You could use plywood, it's lighter and if you use G1S grade you will have decent looking wood cabinets even without paint. 
The "fake" stuff I think you are talking about is a paper veneer made to look like oak. Something like "mac-tac". You can buy actual wood veneer in many different types of wood, some even come with a heat activated adhesive on it. It can be stained and finished like wood and dresses up low grade plywood very nicely. It can be a bit pricey.
I am sure the guys here will be happy to make some more experienced recommendations.


----------



## Ralph Barker (Dec 15, 2008)

I agree that plywood would be a better choice, preferably exterior grade. Eventually, you'll have water on the floor, or a spill inside the cabinet. Either can reak havoc on MDF or particle board.


----------



## xplorx4 (Dec 1, 2008)

Go the plywood using AB or at worst BC. If the area is damp, you could go marine grade. 

The challange will be the edge of the plywood, you can get a "t" molded plastic or use a glue on edging. The glue on edging often does not stay on like one would hope but the "T" molded plastic goes into a grove and really does't have to be glued but I would recamend it. Just use contact cement. I got my vinyl edging at Rockler. You will need to router a grove in the edge to hold the vinyl in place. Plastic T-Molding Edging - Rockler Woodworking Tools
The cost is not bad, the finished product looks professional and it will hold up to the service in the garage. This is usually used when p-lam is used but I would use it with just painted or stained plywood. BTW I would go with "cabinet grade" plywood just because it will finish better the cost is more but the finished product is worth it. I used this product for some tables I made for food service at our church but I don't think I took any pics. you can check my gallery if you wish.

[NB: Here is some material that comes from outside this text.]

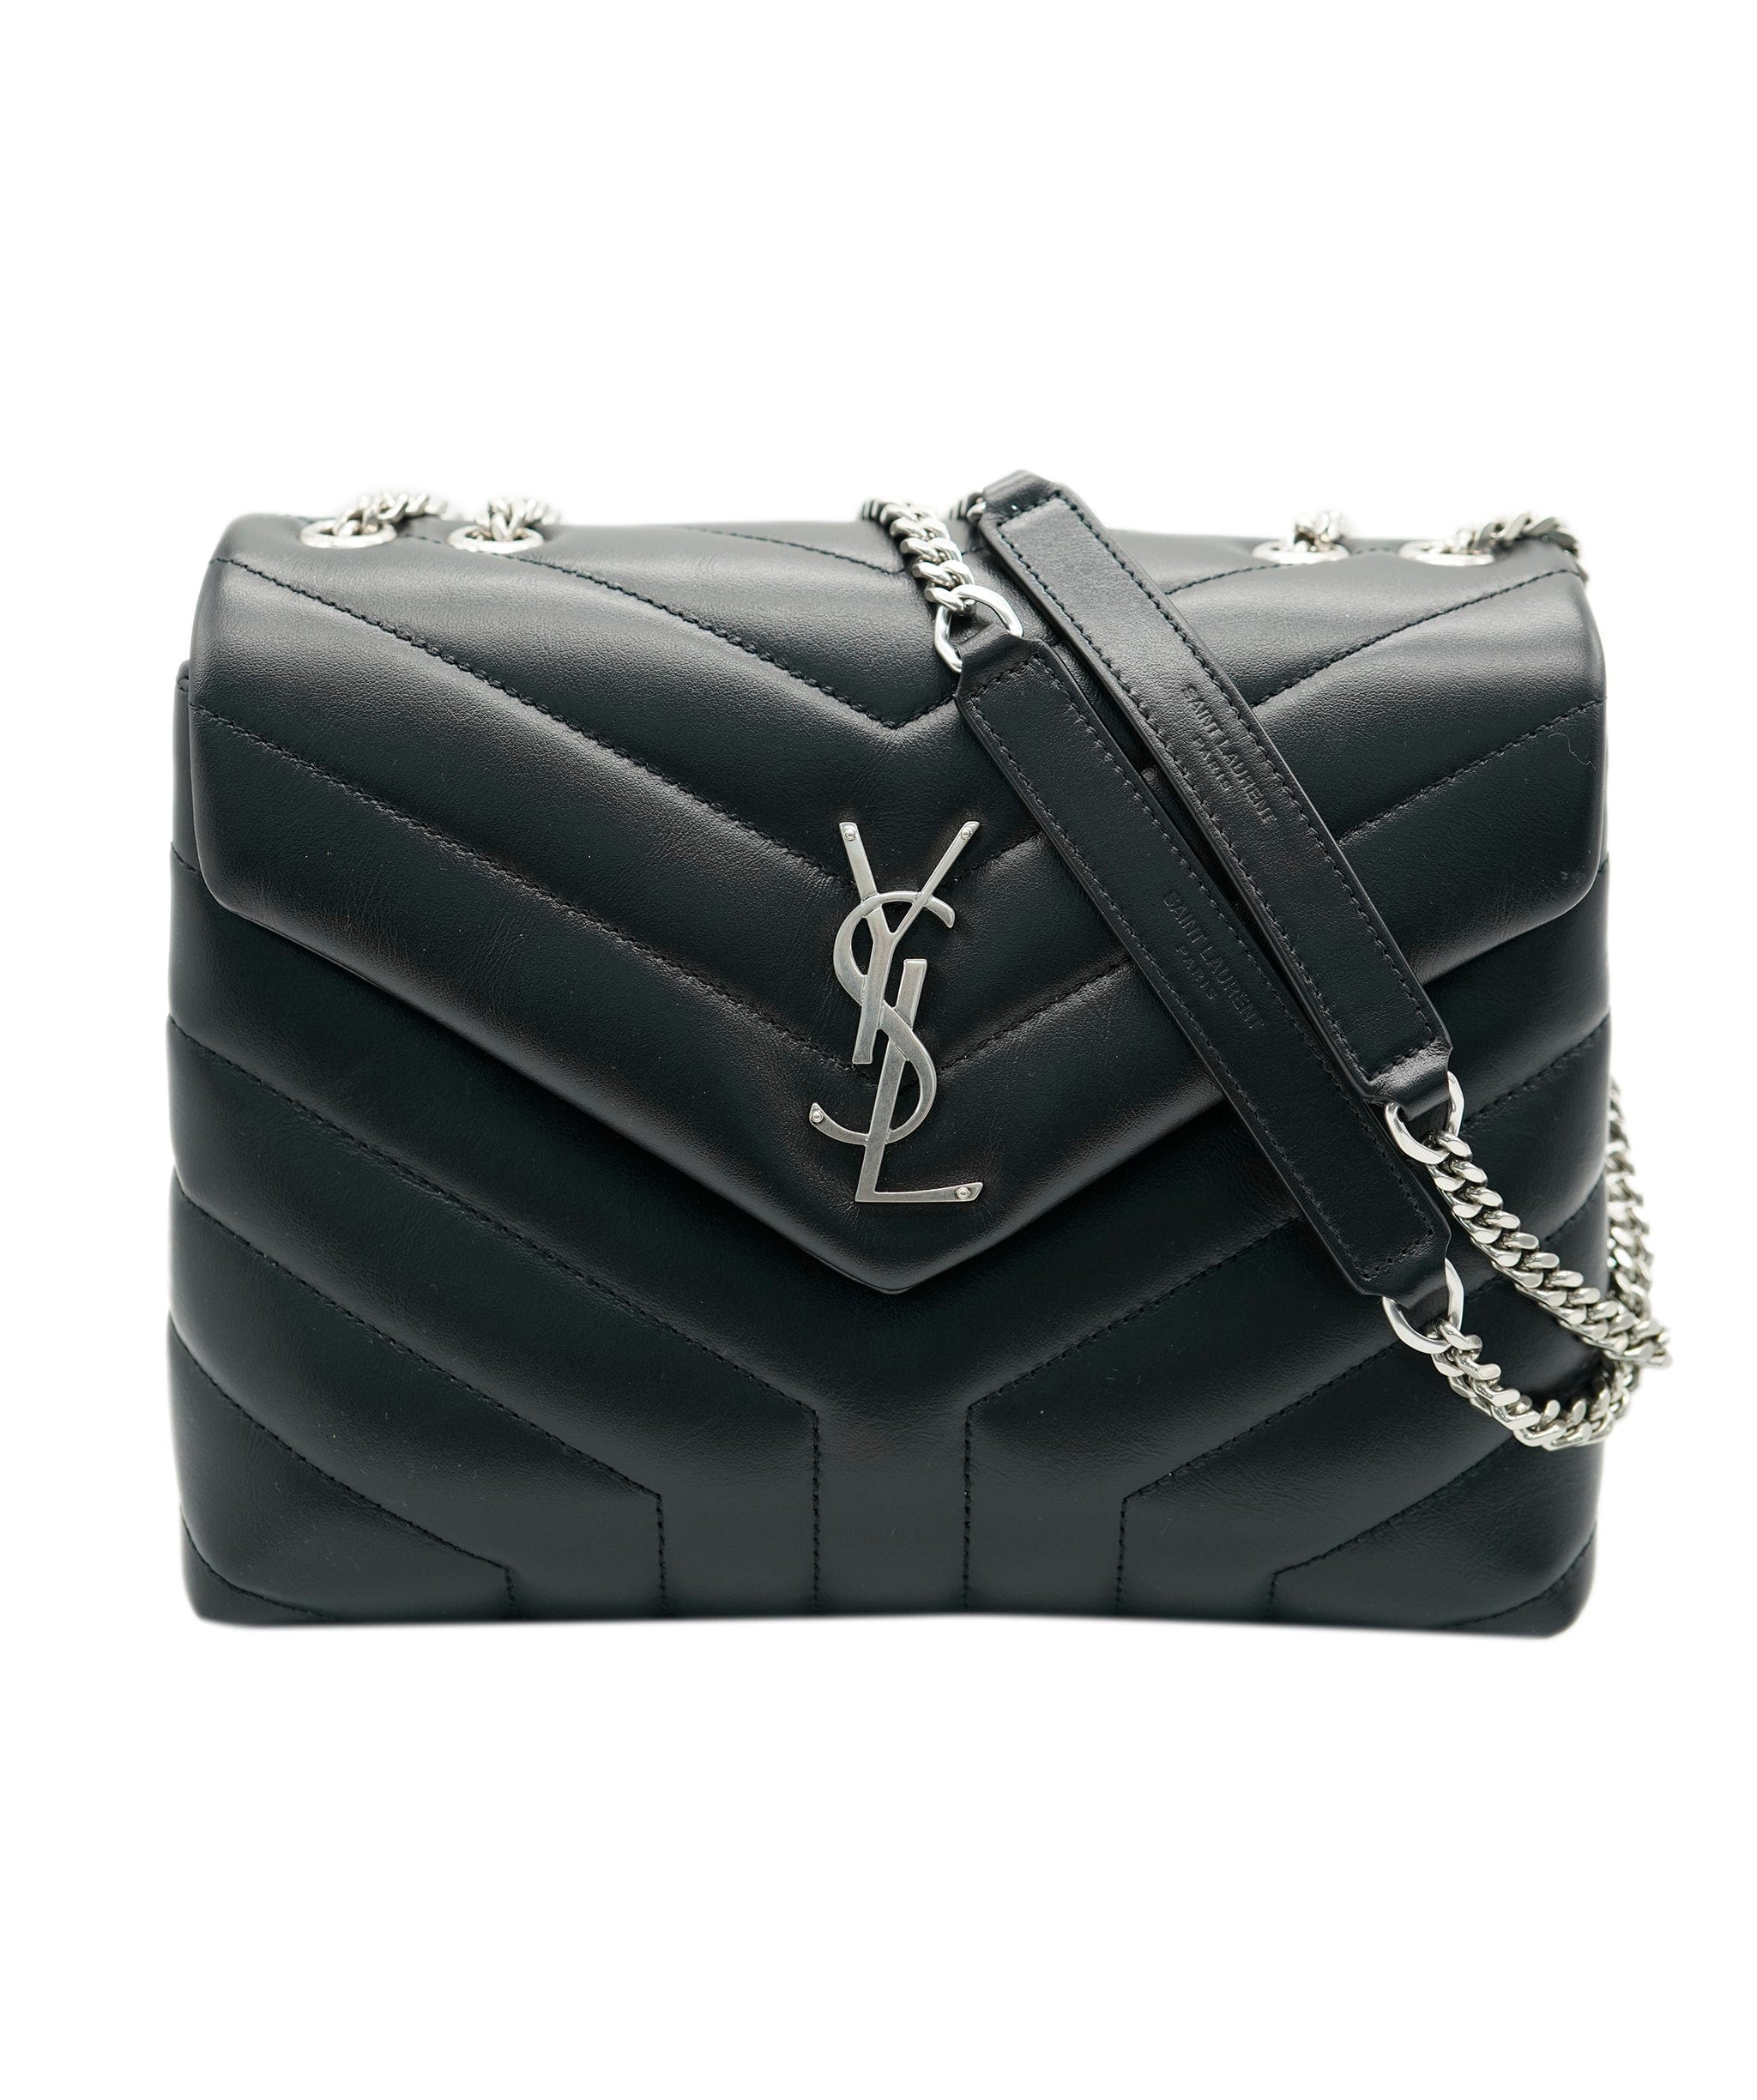 Saint Laurent Black Quilted Leather Small Loulou Bag ASC2086

Be sure to take pics along the way and keep us informed.


----------



## waynoe (Sep 29, 2004)

Trevor
I'm a fan of veneered plywood when it comes to cabinets. I made the ones in my shop out of veneered birch. I used seconds which were resonably priced but not the best looking stuff. You can paint it or stain it, I never did anything to it and it seems to be holding out well. For the edging I used solid birch it takes the abuse well, I'm quite hard on them. One suggestion though make your uppers right to the ceiling so you don't have to deal with the dust.
Good Luck
Wayne


----------



## bobj3 (Jan 17, 2006)

Hi Trevor

I would suggest using poplar or MDF for ALL the frames and 1/4" thick MDF for the panels....I would also suggest you make all the cabinets in the frame way that's to say the sides would be frames just like the doors with flat panels..

The bottom and the drawers would be 1/2" or 3/4" MDF , you will be amaze how fast you can made the cabinets and how low they will cost you to make them up....

I will say MDF can be use to make all the parts for the cabinets,below you will see small frame I keep around the shop for a setup frame..if you use the T & G way you will be amaze how easy the parts can be glue up..the T & G bits set can be used to make all the parts for the cabinets..one bit set will do it all..plus if you use the pocket type hinges you will not have a problem hanging the doors to the sides...

The nice thing about MDF is that you can use all of it all unlike plywood or real wood..the cut offs can be used for the panels..if you design it right..  and it's always true size (thickness )unlike plywood 
=====



jeep_man said:


> Now that I have a new tablesaw, I have been thinking about building a large cabinet in my garage to hold some random tools. I am curious about building cabinets out of MDF or particle board. I do not want to spend top dollar since they are just for a garage. I planned on painting them, and building a simple raised panel door out of some extra pine 1x's and 1/4 birch plywood. I plan on using my pocket hole jig to build the face and was hoping to use a cheaper grade material for the sides/top/bottom.
> 
> Is there any way to dress up particle board? Does it paint well? The only experience that I have is my cheap college compter desk with the fake looking oak. How do they make it look like that? I imagine it is somewhat like formica, just not as hard. Is it some form of wallpaper? Or should I just paint it if that is the route I decide to go.


----------



## Ghidrah (Oct 21, 2008)

I'd be a bit leery of CDX ply, there's lots of voids in the ply layers and the species of lumber makes for a warped/bowed sheet. Even though the unit will be in the garage, know that CDX isn't plugged like AC, underlayment or cabinet grade ply.

AC ply is laid with -0- voids better for gluing, biscuiting, pocket screws and nails.
Next 1/2" luan what I use most for utility and kitchen grade carcasses.


----------